Книга Бастард де Молеон, страница 38. Автор книги Александр Дюма

Разделитель для чтения книг в онлайн библиотеке

Онлайн книга «Бастард де Молеон»

Cтраница 38

Таким обеспокоенным вороватым воробьем и был Мюзарон; Аженор поручил ему распоряжаться их кошельком, и оруженосец не хотел, чтобы он совсем опустел.

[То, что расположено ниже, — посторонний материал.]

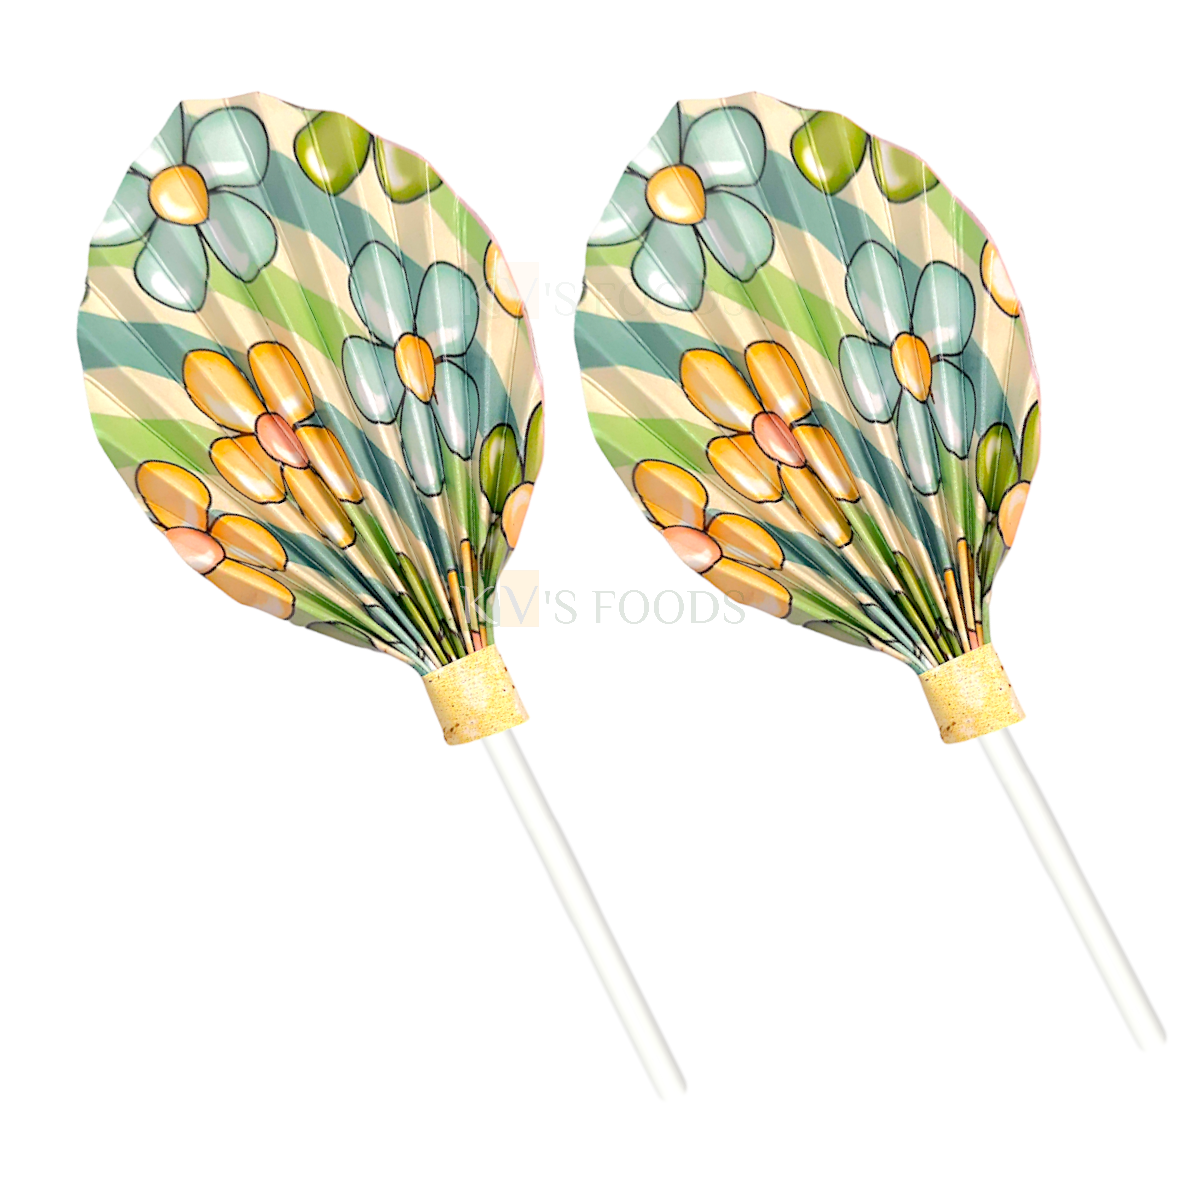 2PC Colourful Printed Paper Palm Leaf Cake Topper Spear Shaped Leaves Cupcake Insert, Birthdays, Engagement Wedding Anniversary Theme Cake Accessories DIY Cake Decorations, Project, Crafts Home Decor

Мюзарон издалека угадывал прокаженных, за льё чуял евреев, за каждым кустом видел англичанина, вежливо раскланивался с наваррцами, показывал «Жакам» свой длинный нож или арбалет; отрядов наемников он боялся гораздо меньше Молеона, или, вернее, не боялся совсем, потому что, как убеждал он своего господина, если их захватят в плен, то они вступят в наемный отряд, чтобы выкупить себя, и оплатят свою свободу свободой тех, у кого они сами ее отнимут.

— Все это будет прекрасно, когда я исполню свое поручение, — отвечал Аженор. — Тогда пусть случится то, что угодно Богу, а пока я желаю, дабы Богу было угодно, чтобы с нами ничего не случилось.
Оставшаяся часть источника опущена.